Newly Diagnosed with Glioblastoma,
Now What?
If someone you love was just diagnosed with glioblastoma — or if you just heard those words about yourself — this page is for you. You don't need a medical degree to be here. You don't need to have Googled anything yet. You just need to know that what you're feeling right now is completely valid, and that you are not alone. We're going to walk through what glioblastoma actually is, what the first few weeks typically look like, and what questions are worth asking. We'll tell you the hard things honestly, because you deserve that. And we'll tell you the hopeful things too, because there are real reasons for hope.
So what exactly is glioblastoma?
Glioblastoma — also called GBM or glioblastoma multiforme — is a type of brain cancer. It is a malignant (cancerous) grade 4 tumor. It starts in the brain itself, in cells called glial cells, which are the support system for your neurons. When those cells mutate and grow out of control, they form a tumor. GBM is the most aggressive form of brain tumor. It tends to grow quickly, and it has a way of sending tentacle-like extensions into the surrounding brain tissue, which makes it very difficult to remove completely with surgery.

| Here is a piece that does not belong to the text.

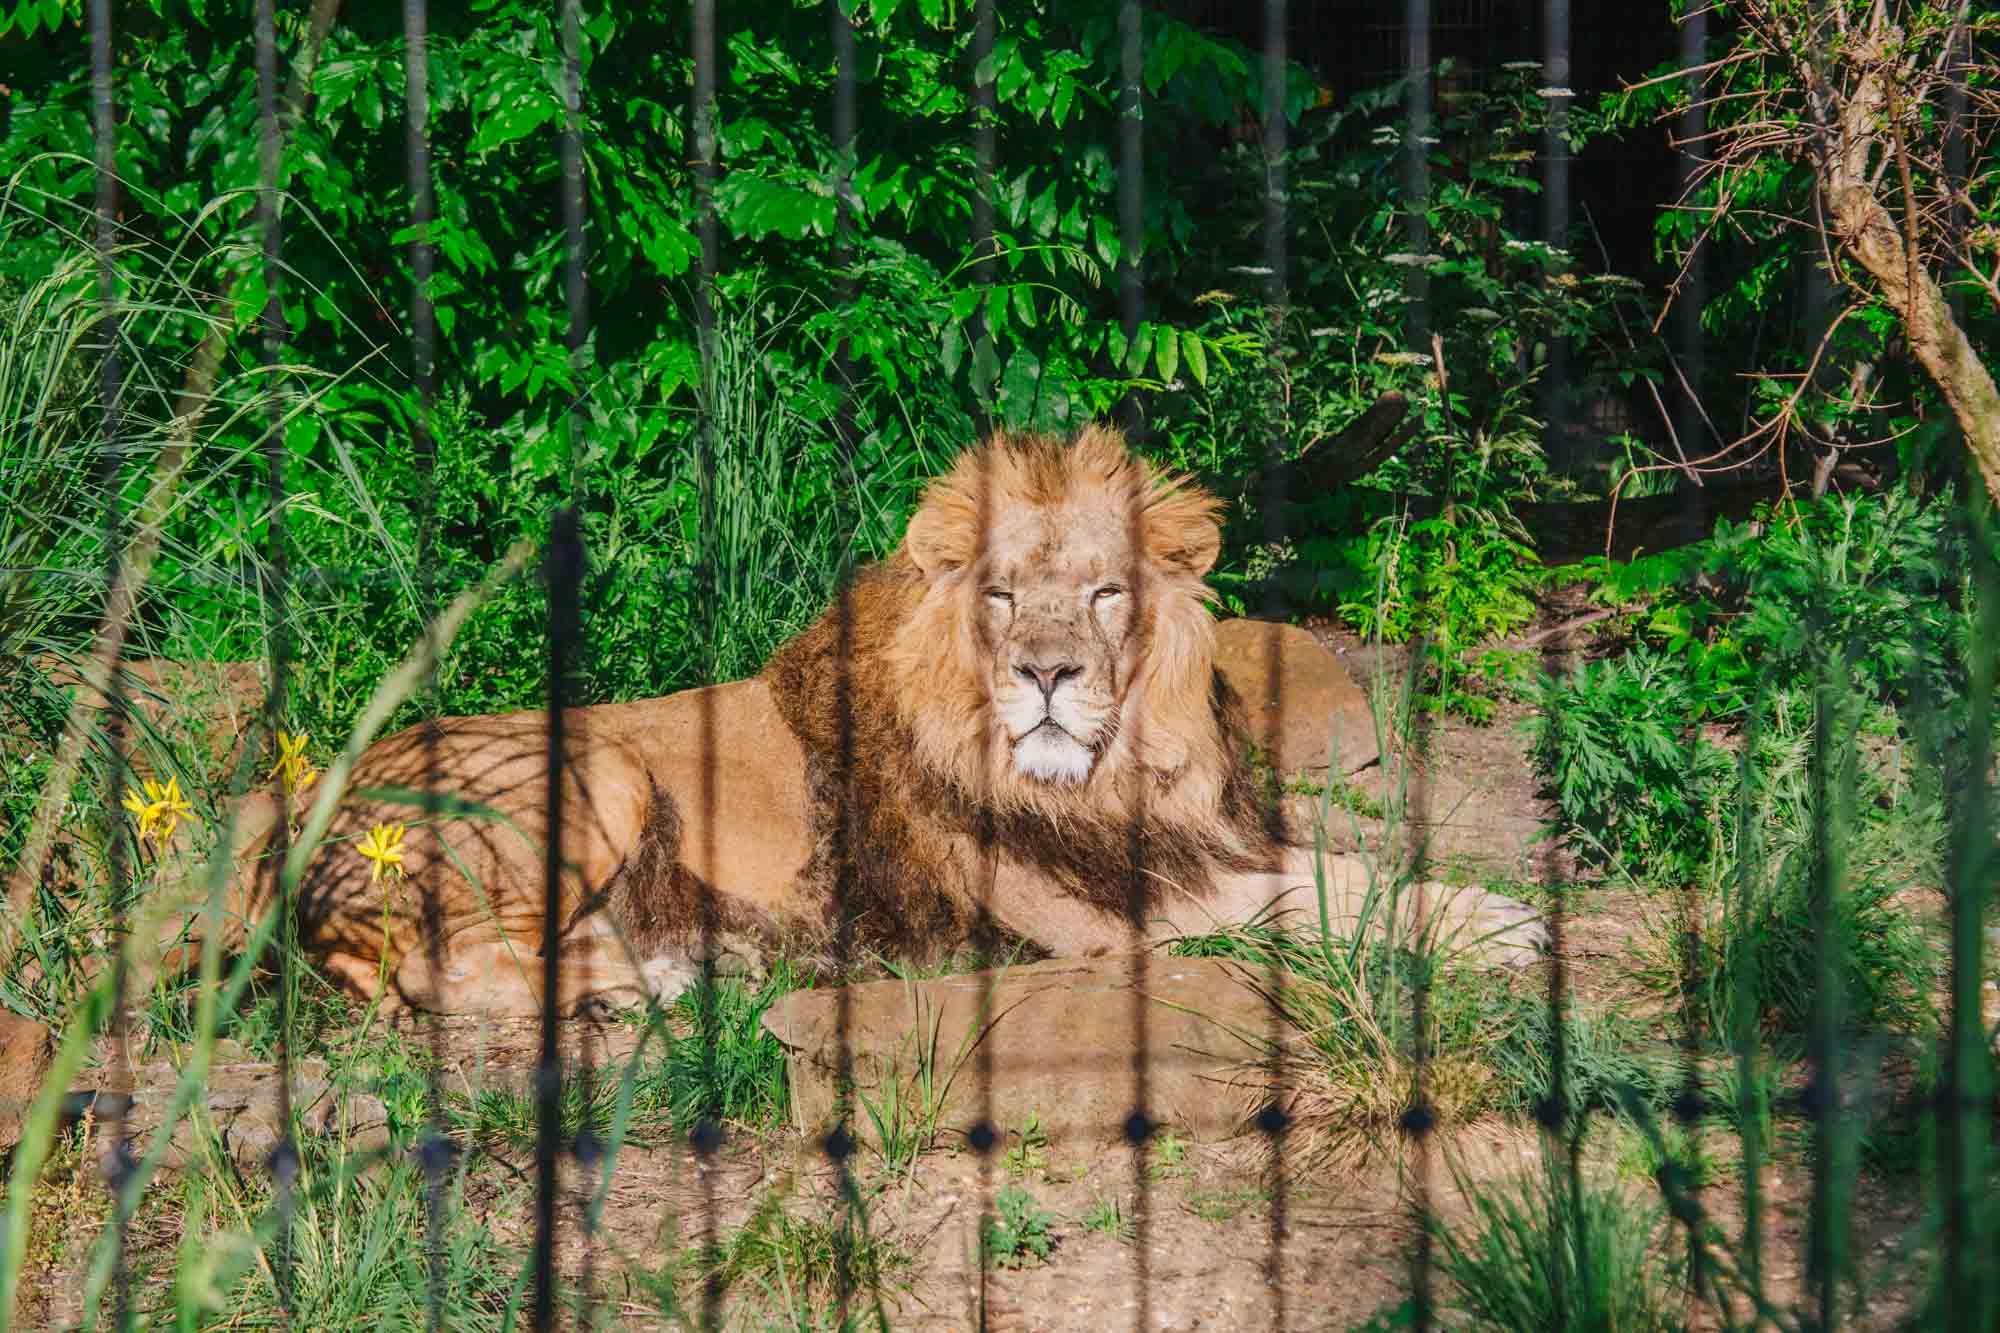 London Zoo - Lions

The exact cause of glioblastoma is unknown. The majority of glioblastoma patients have no family history or identifiable risk factors. Patients with Li-Fraumeni syndrome, neurofibromatosis, Turcot syndrome, Lynch syndrome, or constitutional mismatch repair deficiency syndrome, however, may be at higher risk of developing high-grade gliomas like glioblastoma. Exposure to ionizing radiation as a result of radiation therapy for childhood brain tumors or leukemia is also a risk factor for high-grade gliomas (ABTA).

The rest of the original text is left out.